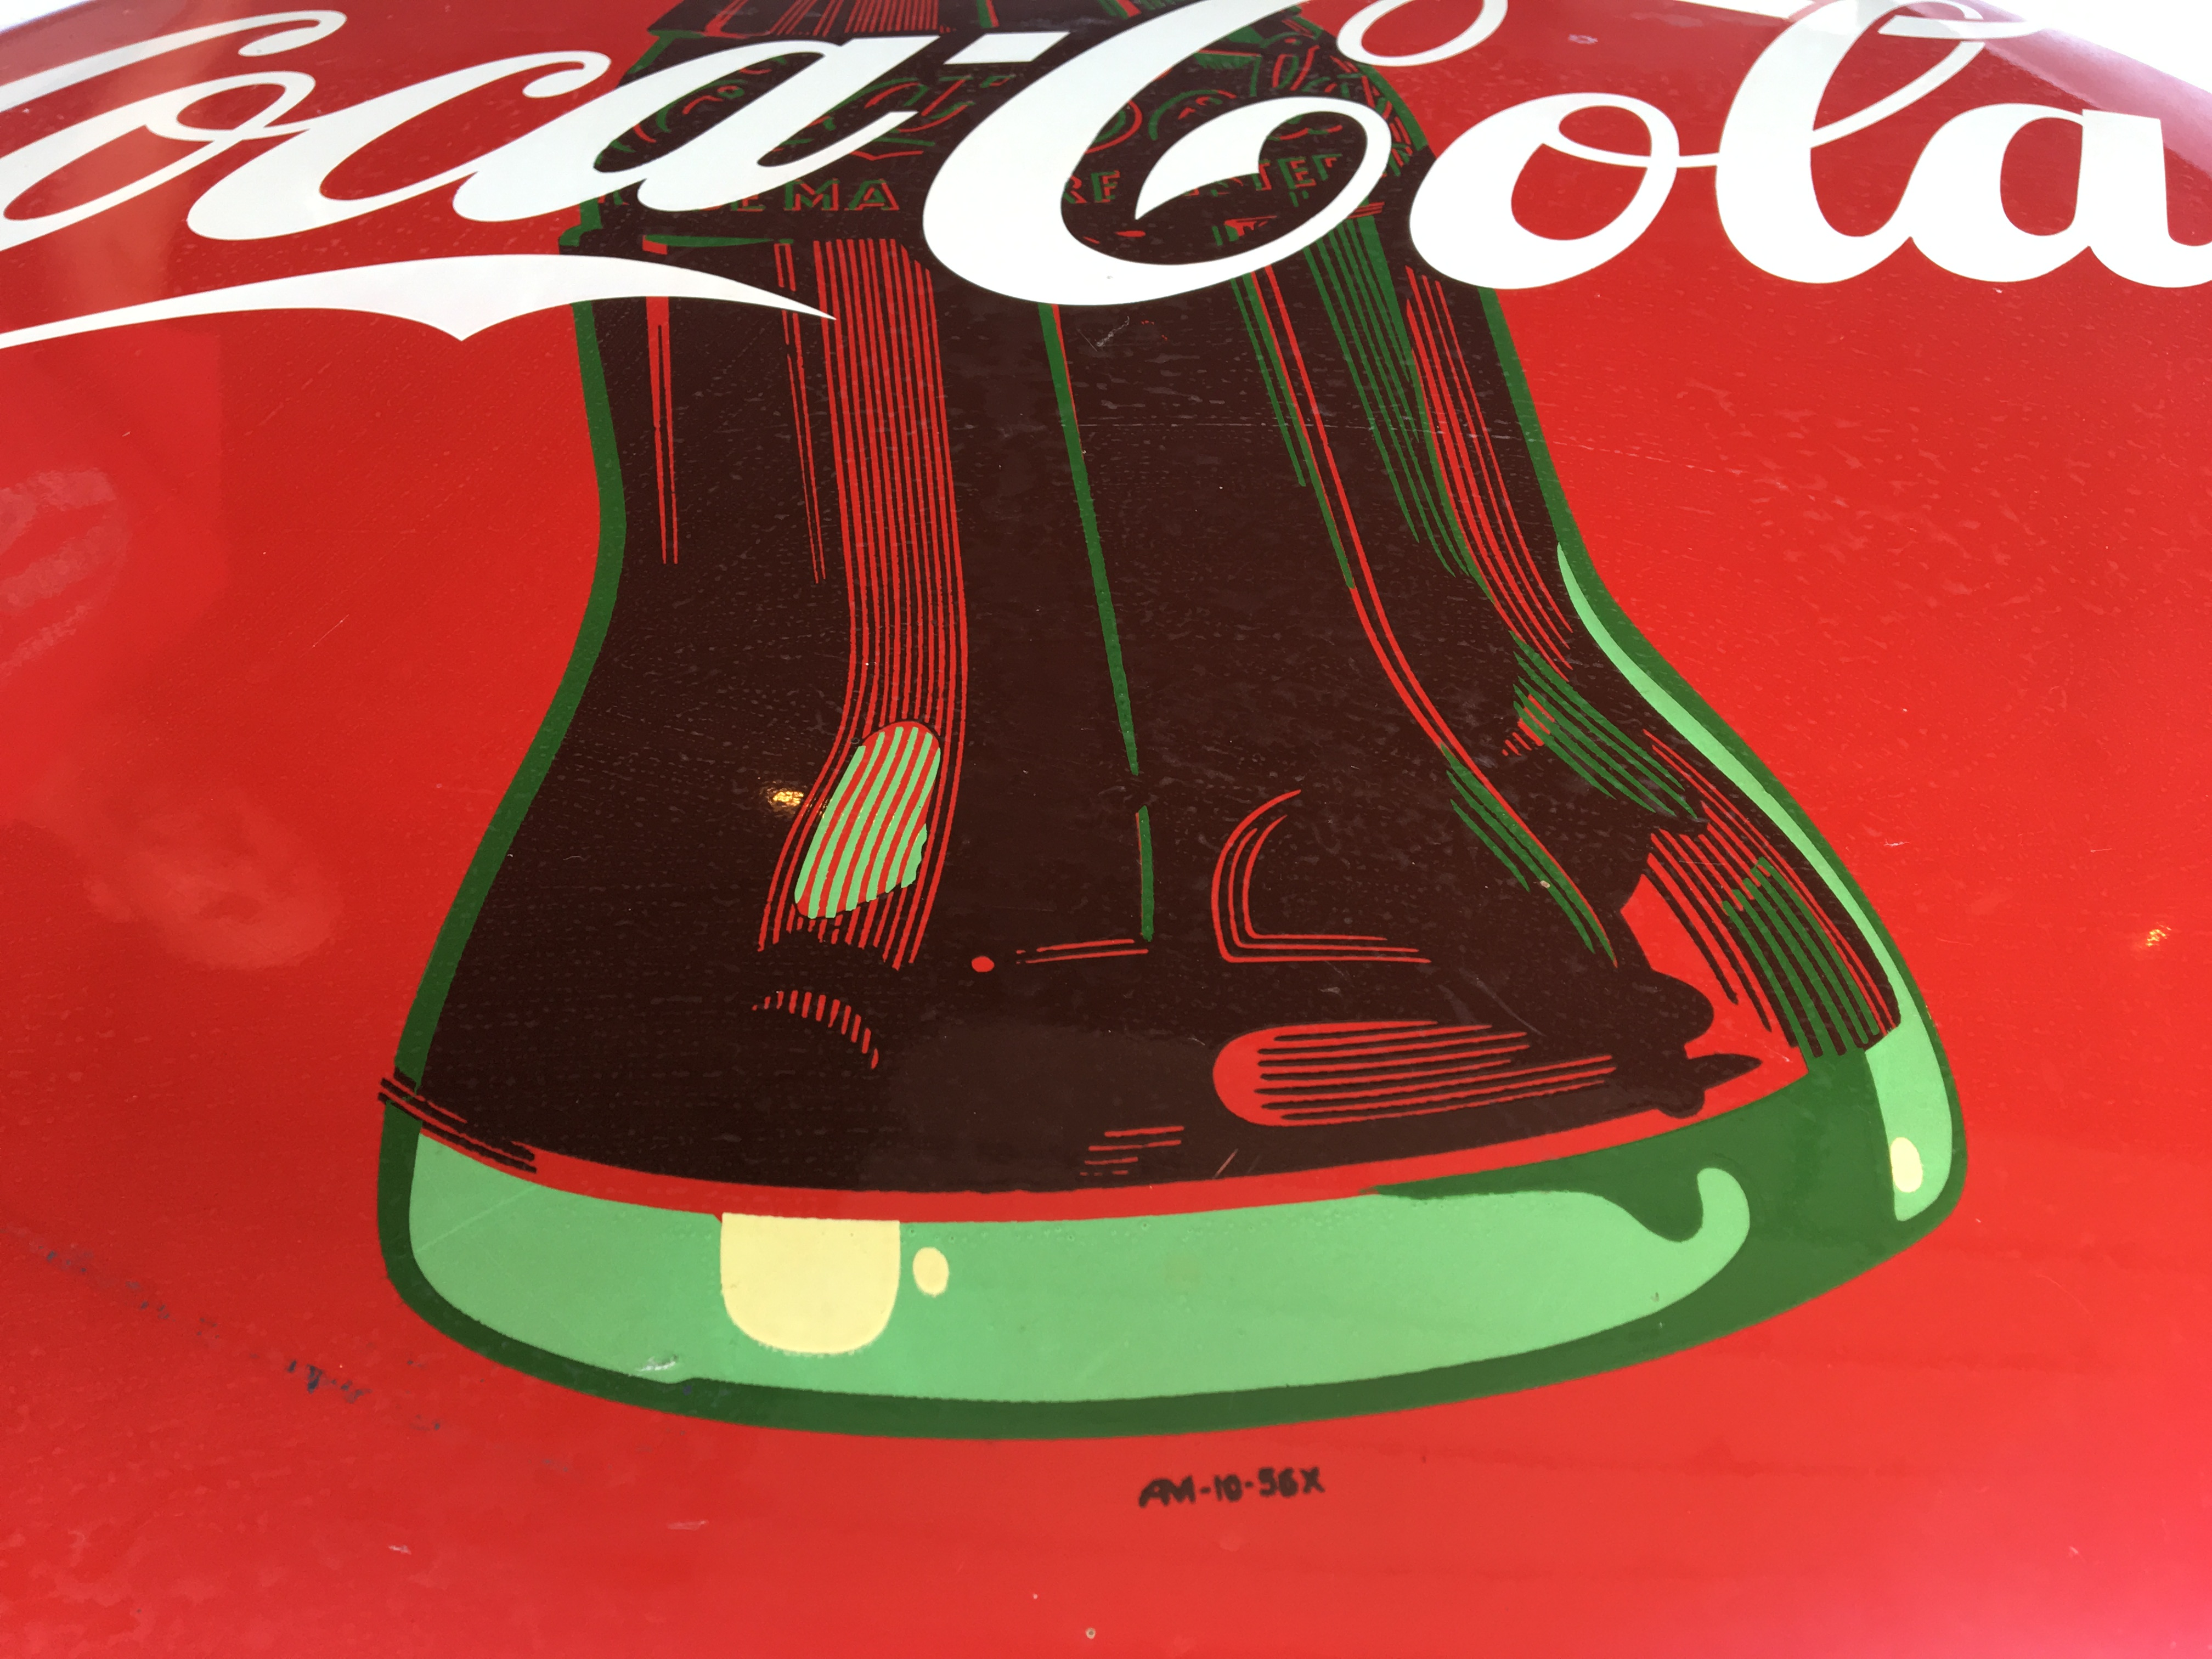 "Lot 19 - Coca-Cola 36"" Round Sign, AM-10-56X"
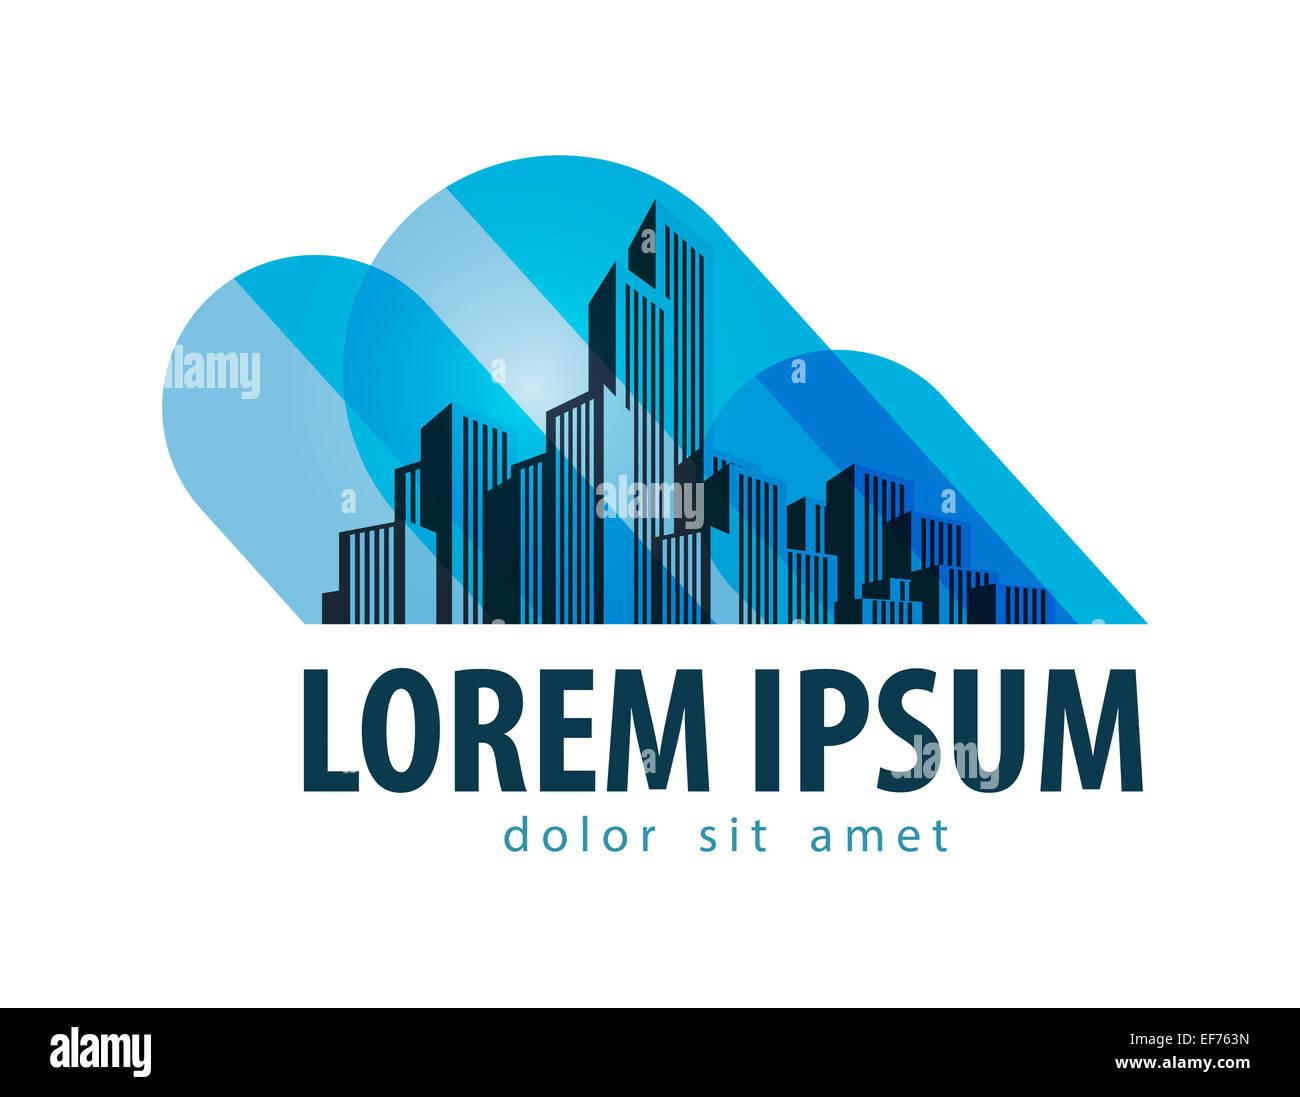 City vector logo design template. building or architecture icon. - Stock Image
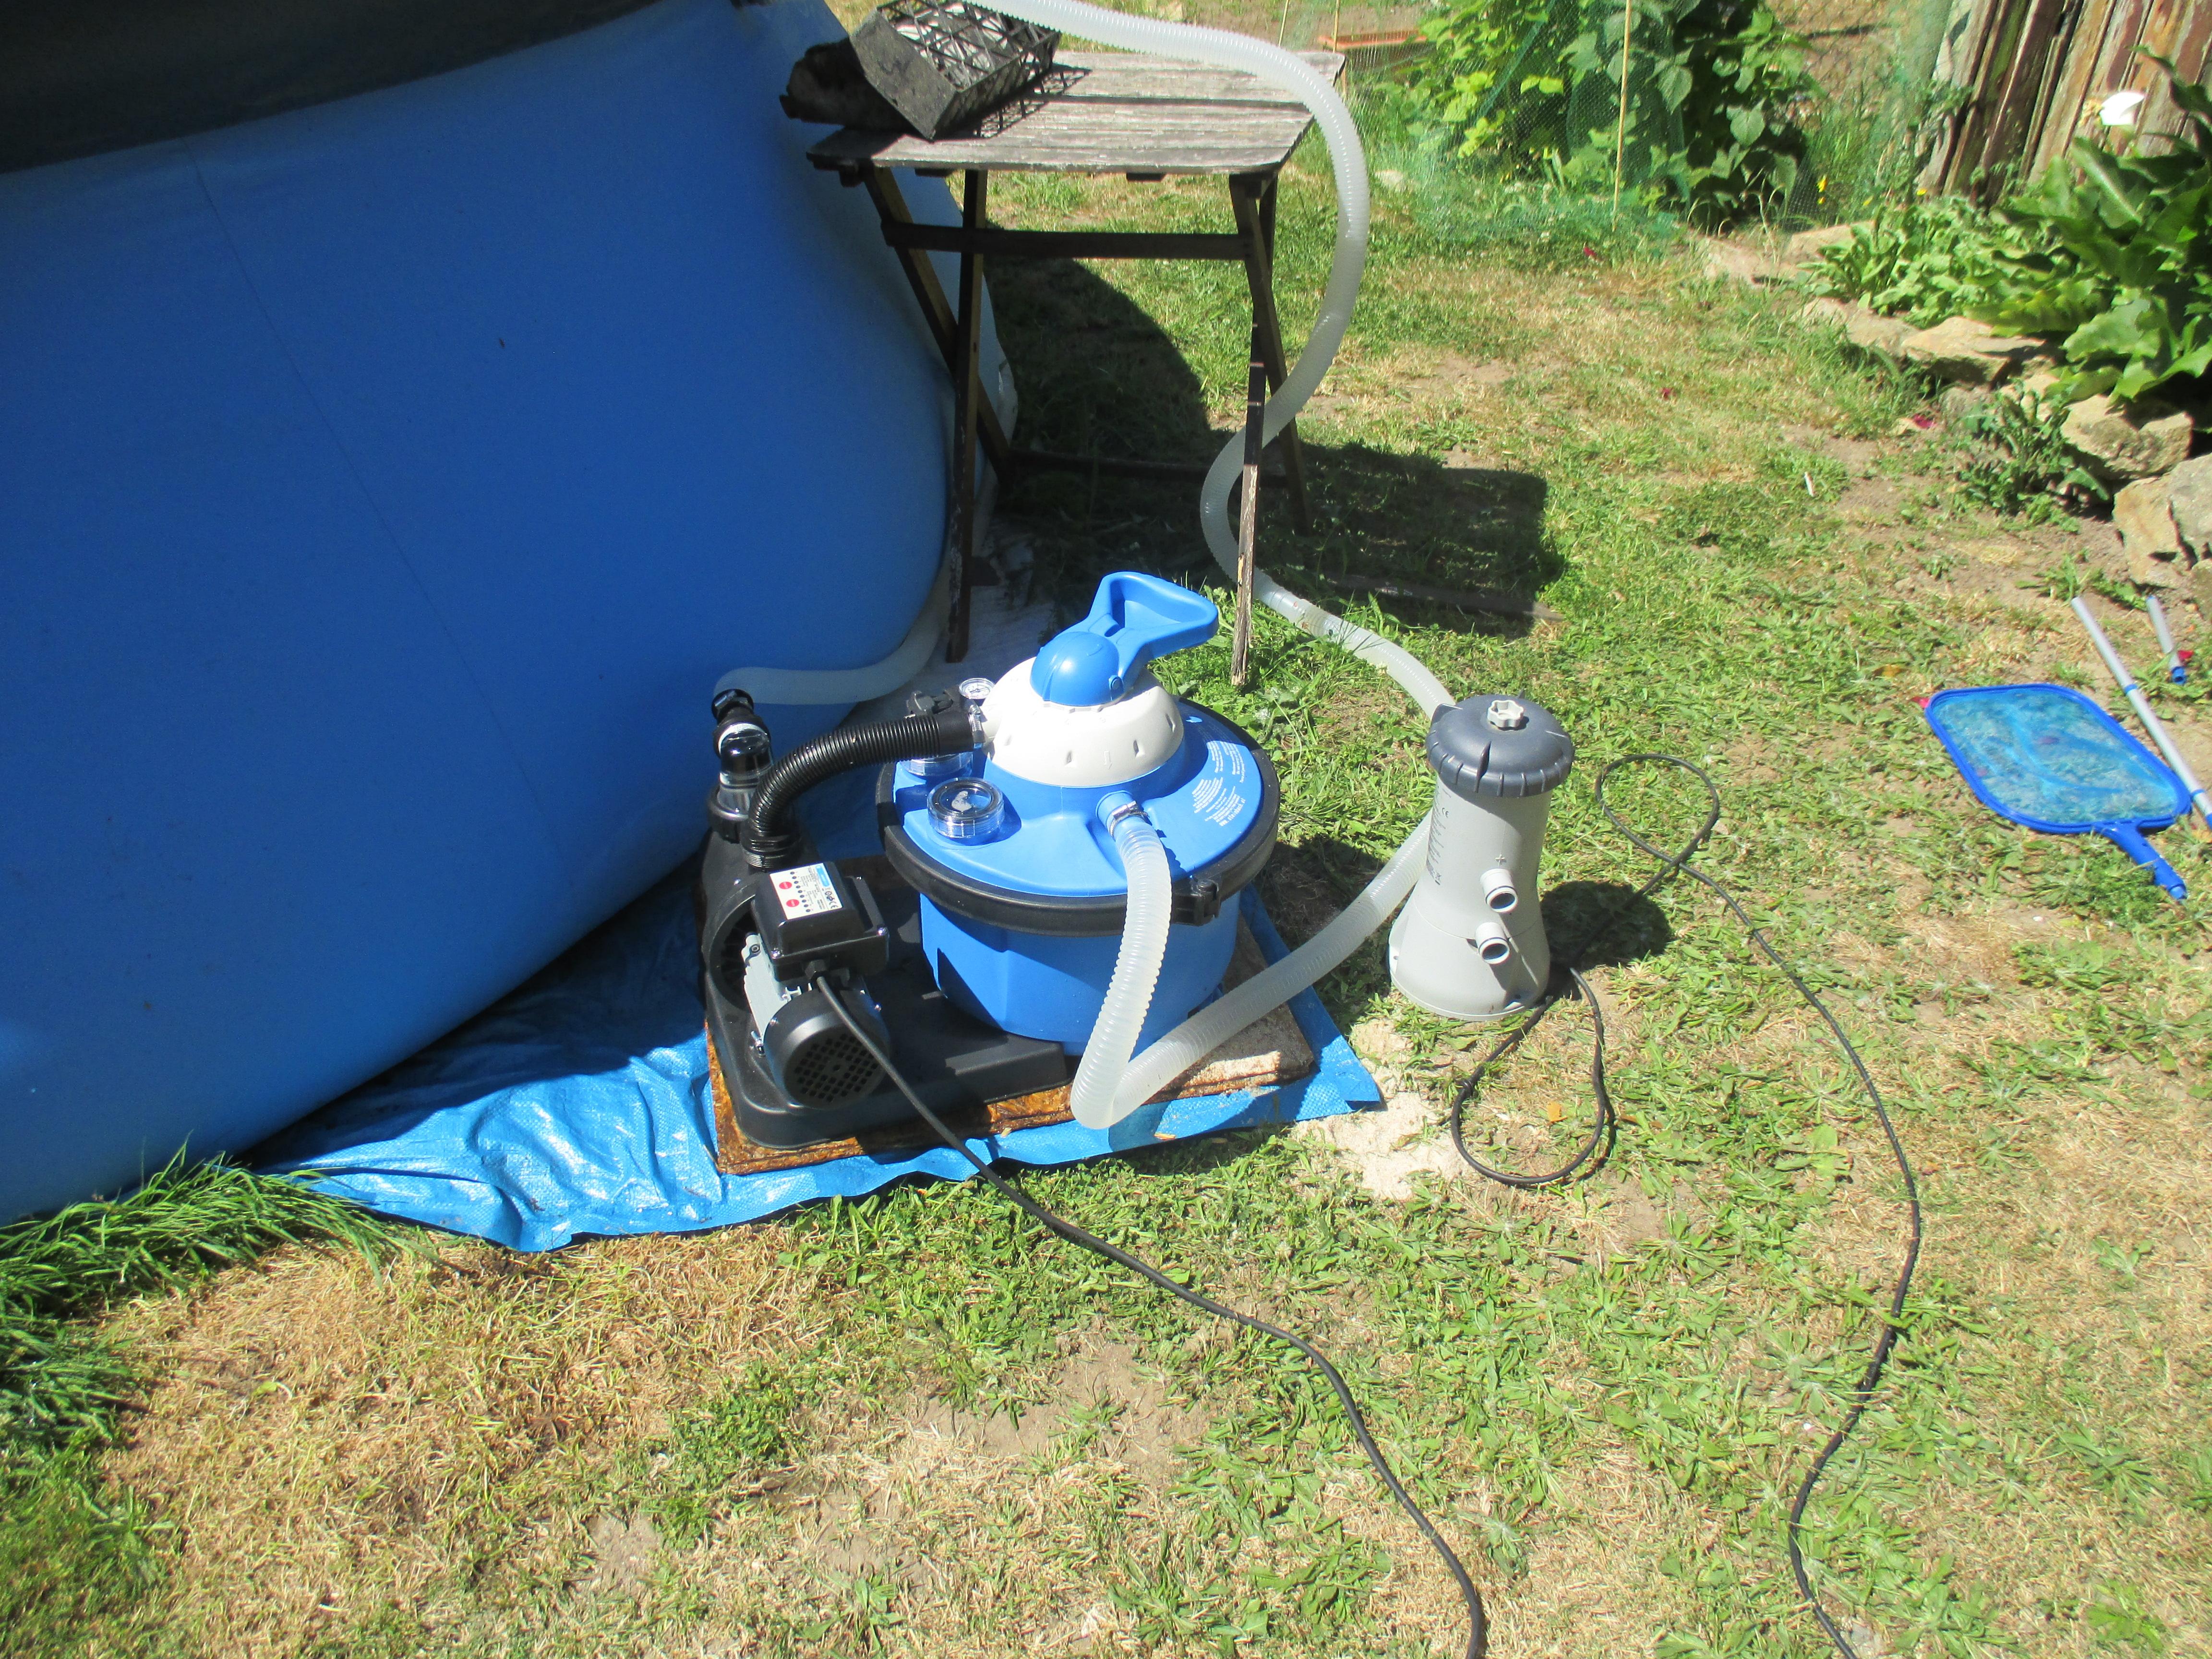 Pompe filtrante pour piscine speed clean 40200 comfort 50 for Minuterie pompe piscine
___
== EXERCISE DESCRIPTION ==
Would you give the material back exactly, minus the pictures?

== EXERCISE RESULT ==
 "Lot 19 - Coca-Cola 36"" Round Sign, AM-10-56X"
 City vector logo design template. building or architecture icon. - Stock Image
 Pompe filtrante pour piscine speed clean 40200 comfort 50 for Minuterie pompe piscine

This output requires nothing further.